Work request
Make an exact copy of the lines from the one containing "Humming Top 1886 - Stock Image" through the end of the records below, and leave out every picture.

--- Records Enclosed Below ---

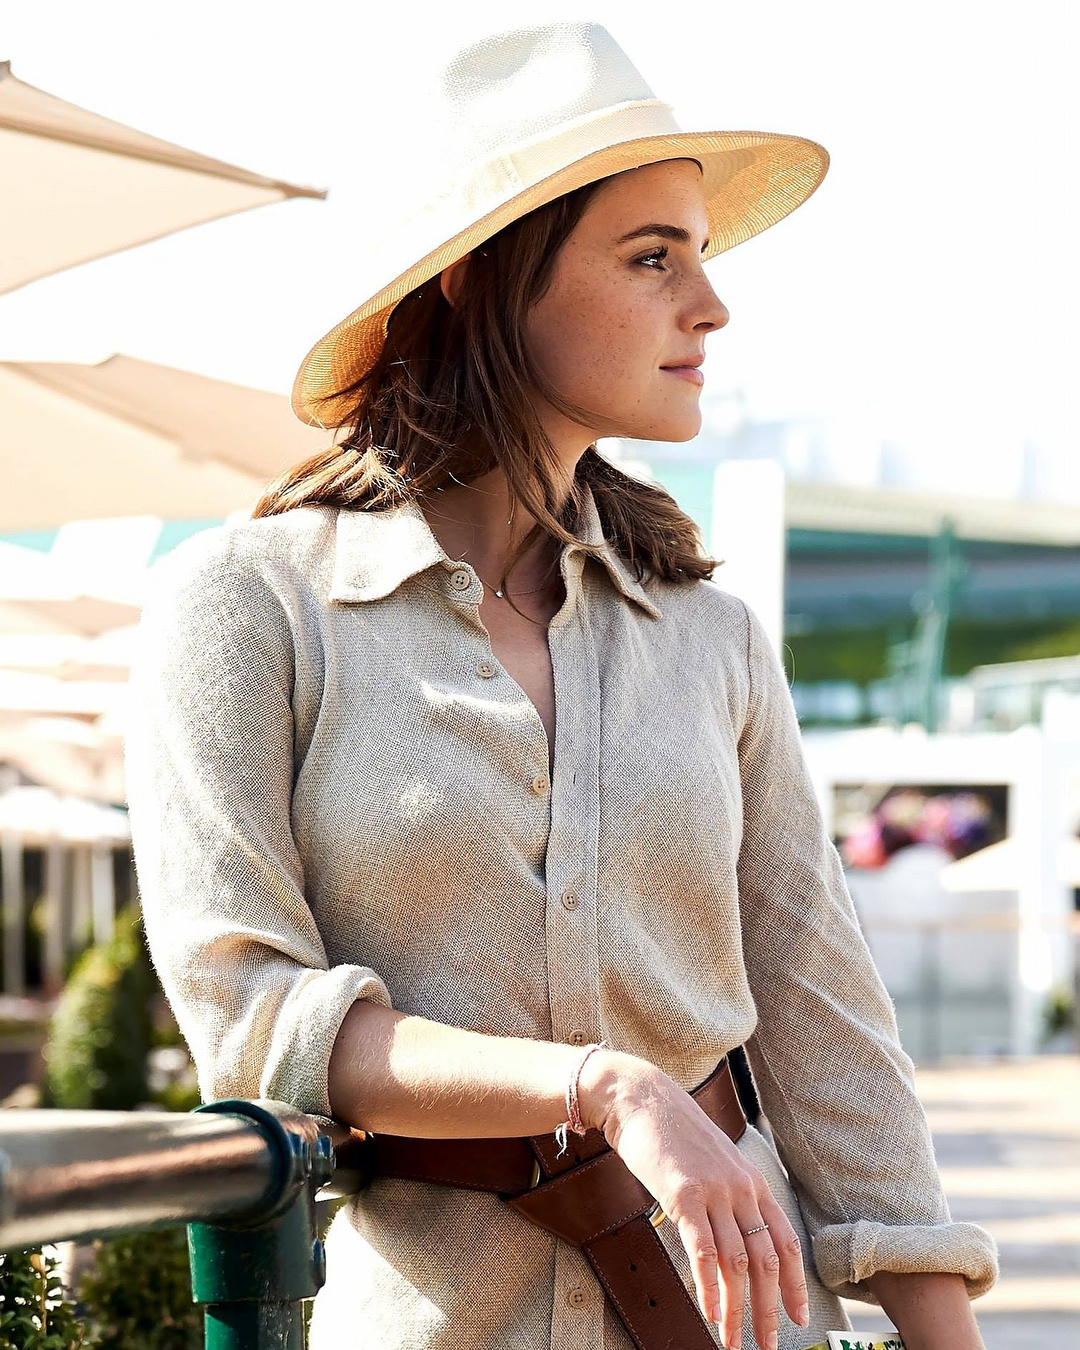 Emma Watson Photos| Emma Watson Pictures | Emma Watson Images
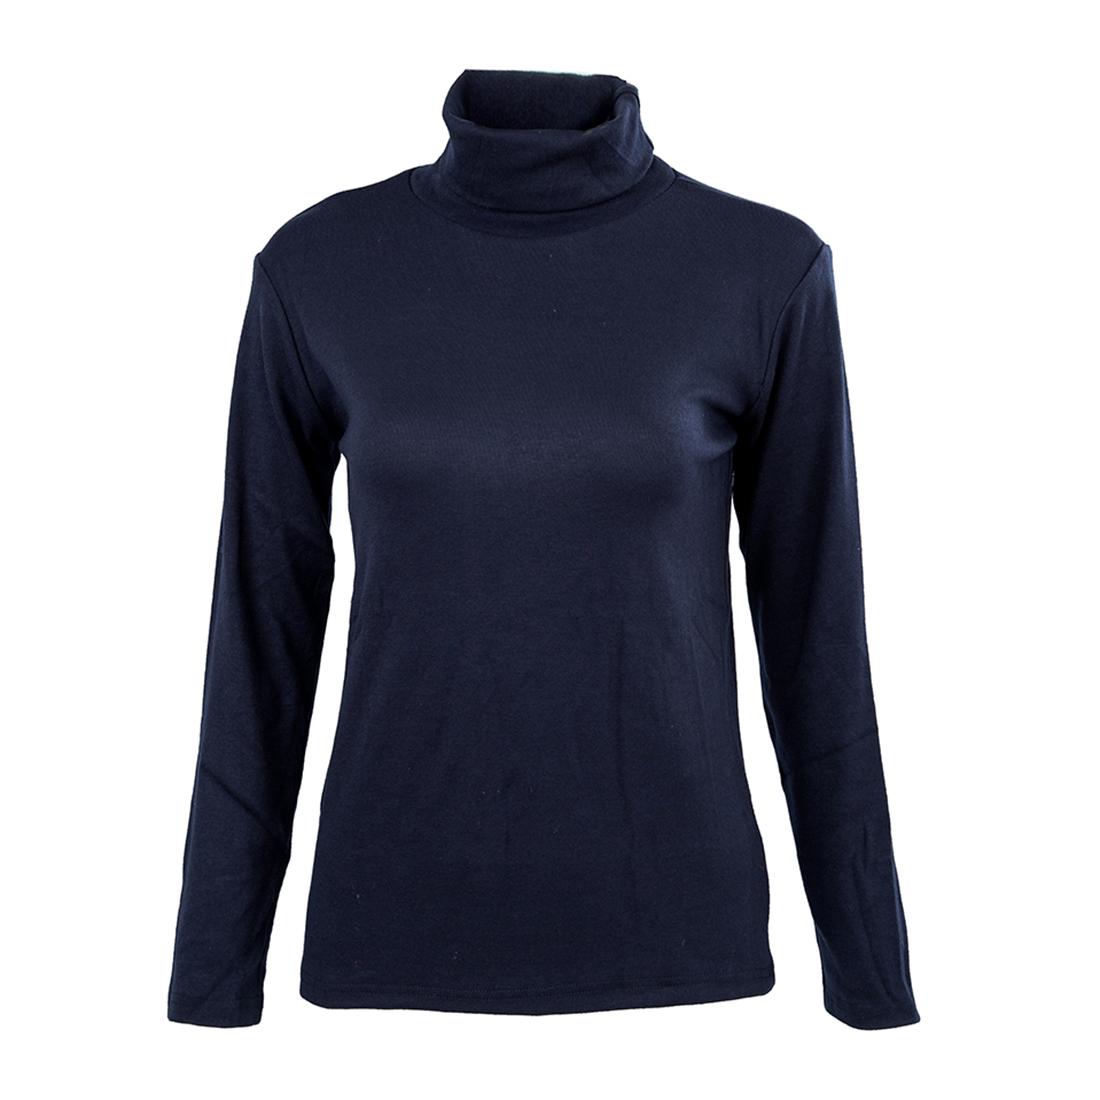 Sweater Pk 21
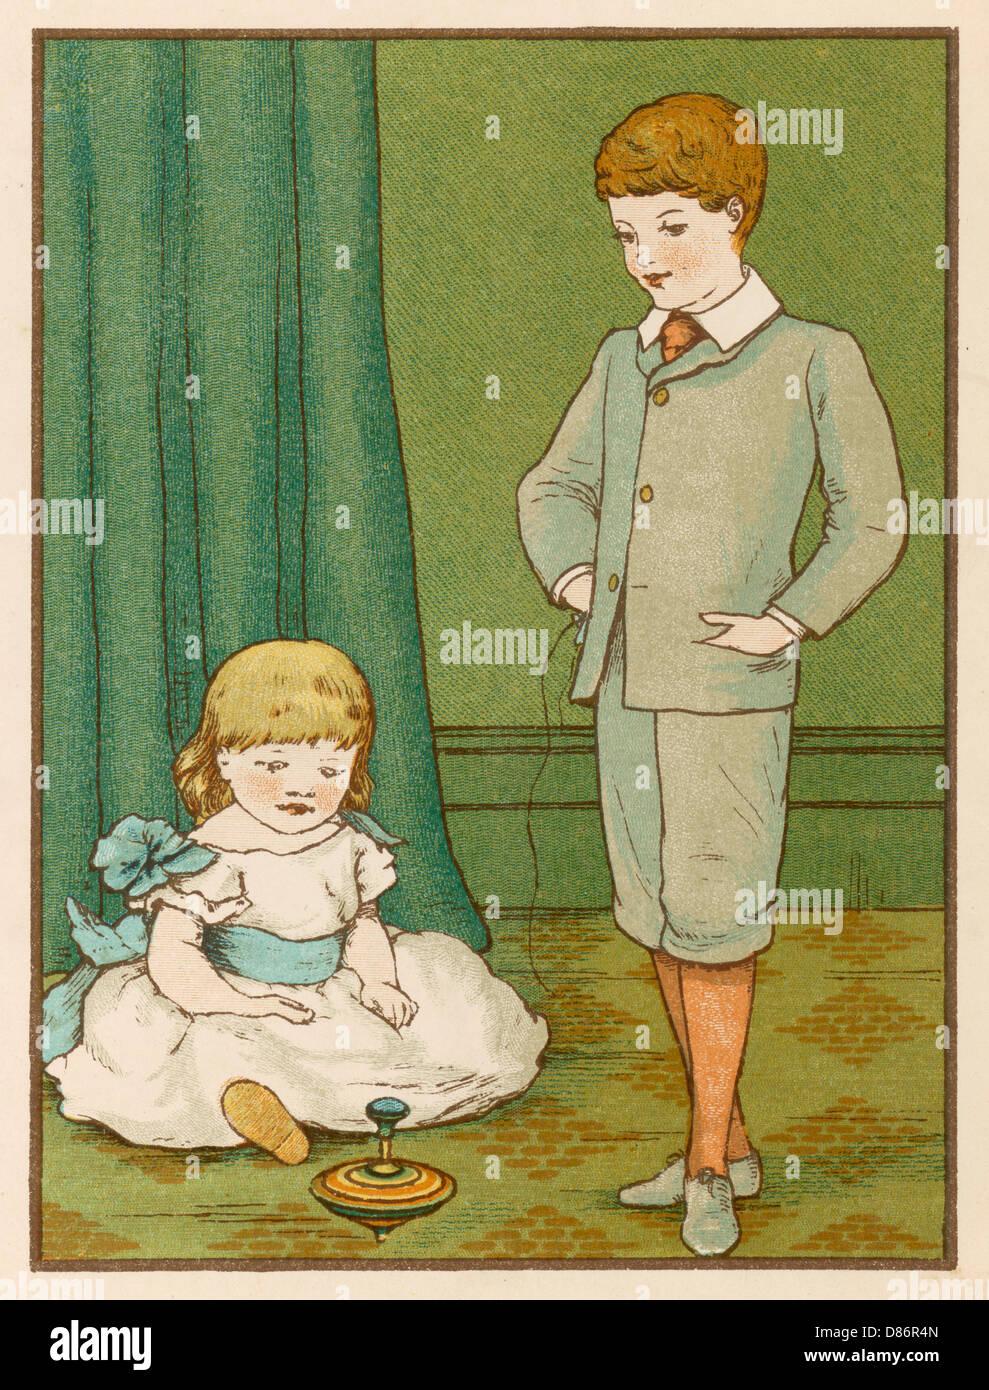 Humming Top 1886 - Stock Image
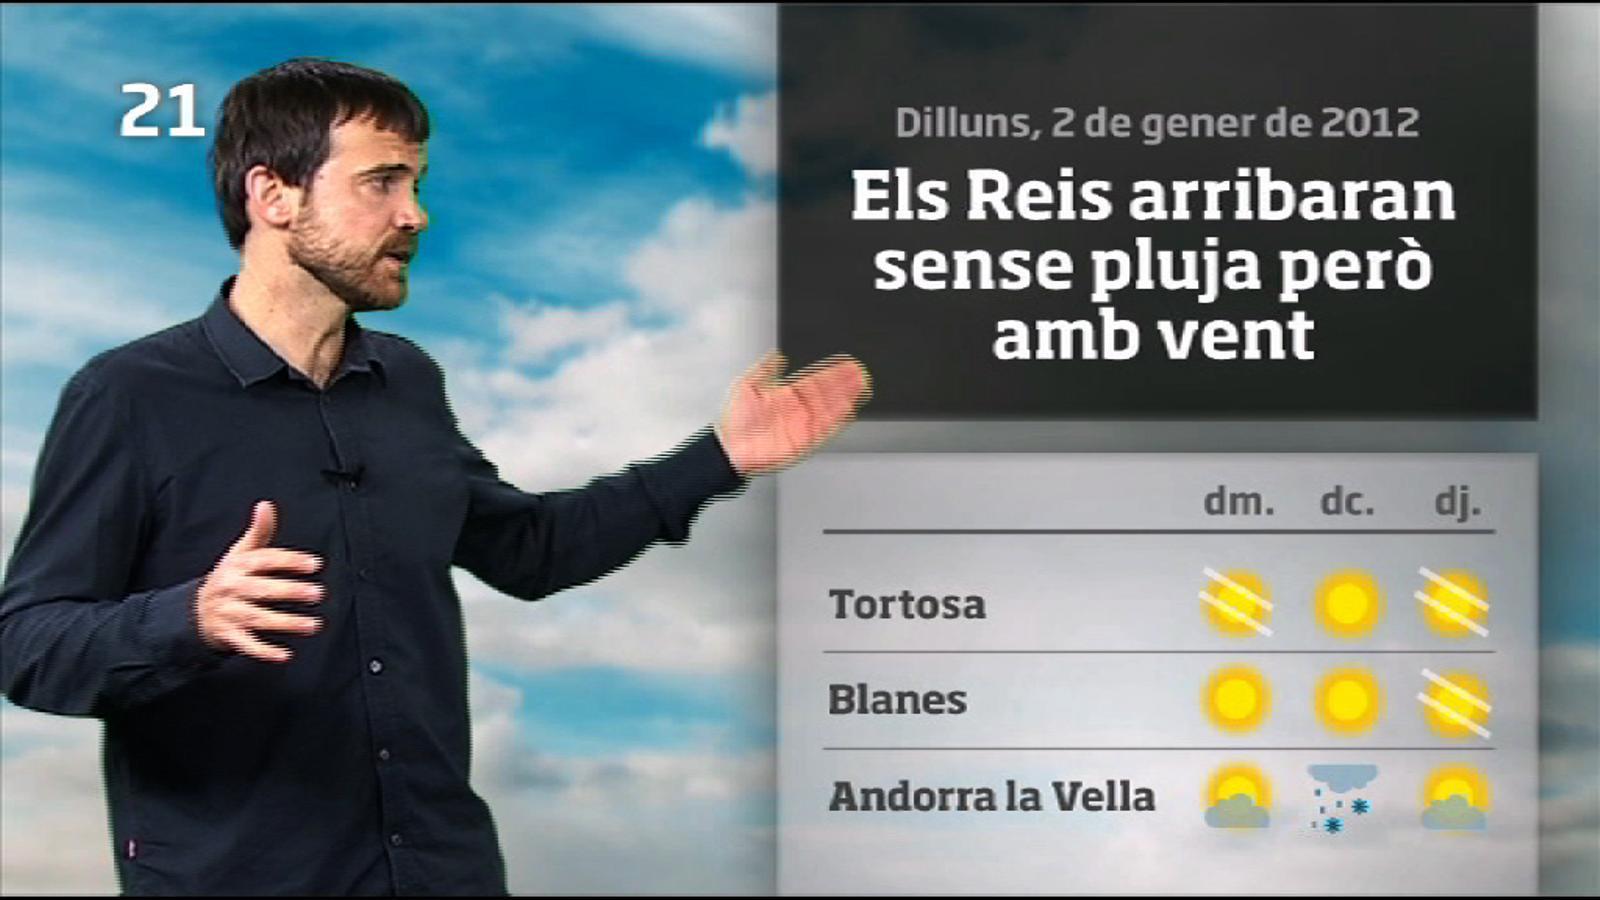 La méteo en 1 minut: setmana poc d'hivern i sense pluja (03/01/2012)
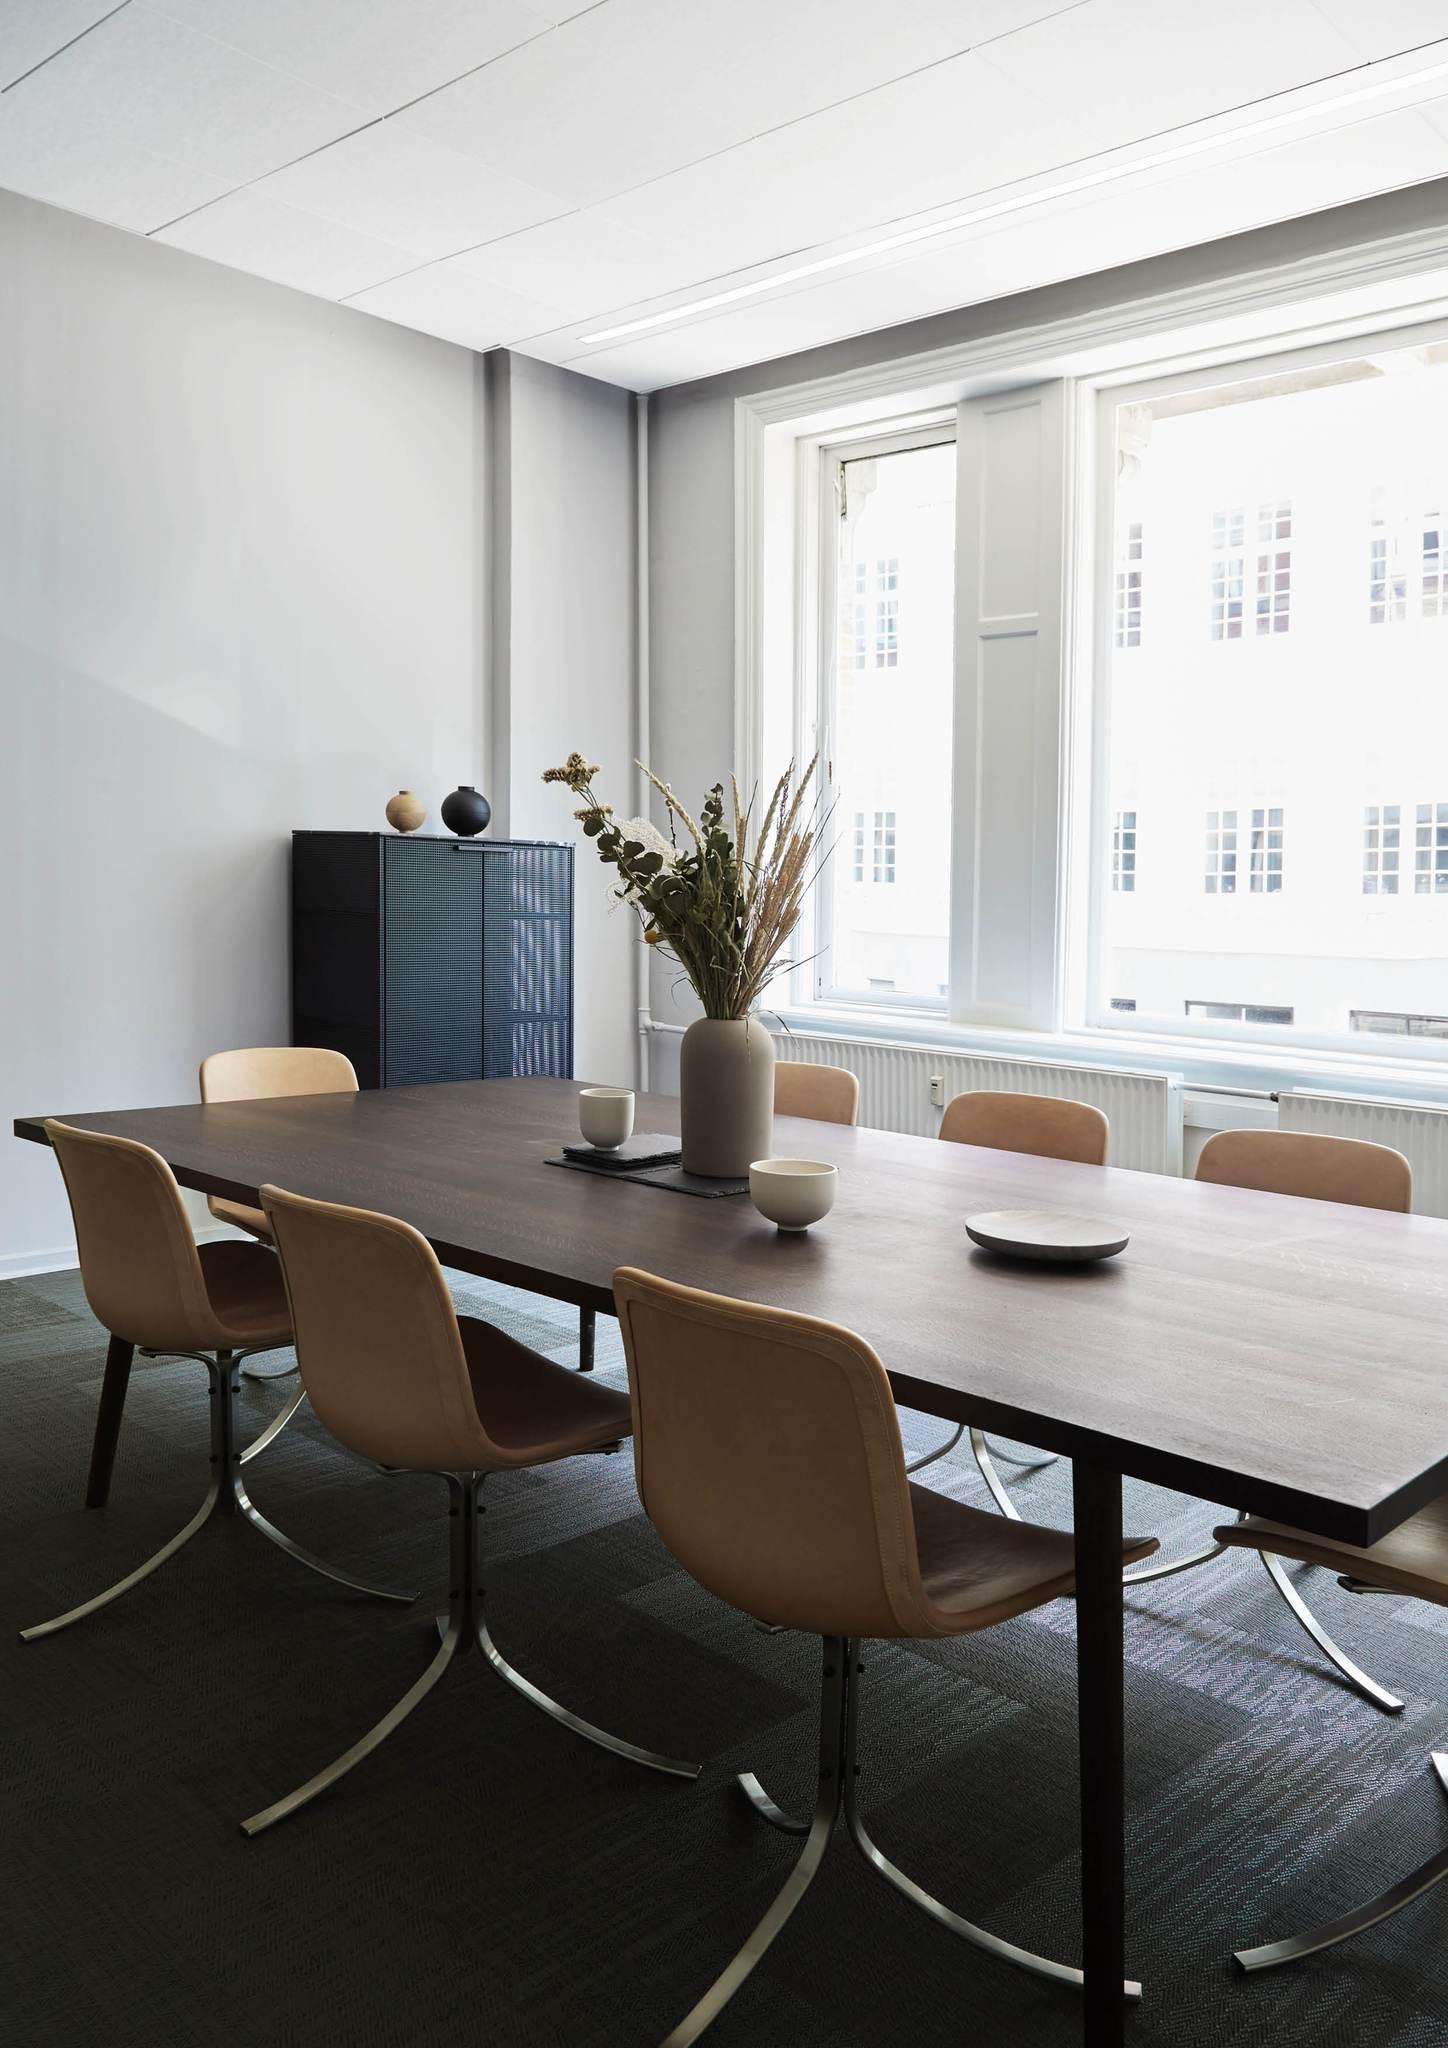 Kristiana-dam-studio-interio-office-3.jpg

--- End of Enclosed Records ---

Output for this task
 Humming Top 1886 - Stock Image
 La méteo en 1 minut: setmana poc d'hivern i sense pluja (03/01/2012)
 Kristiana-dam-studio-interio-office-3.jpg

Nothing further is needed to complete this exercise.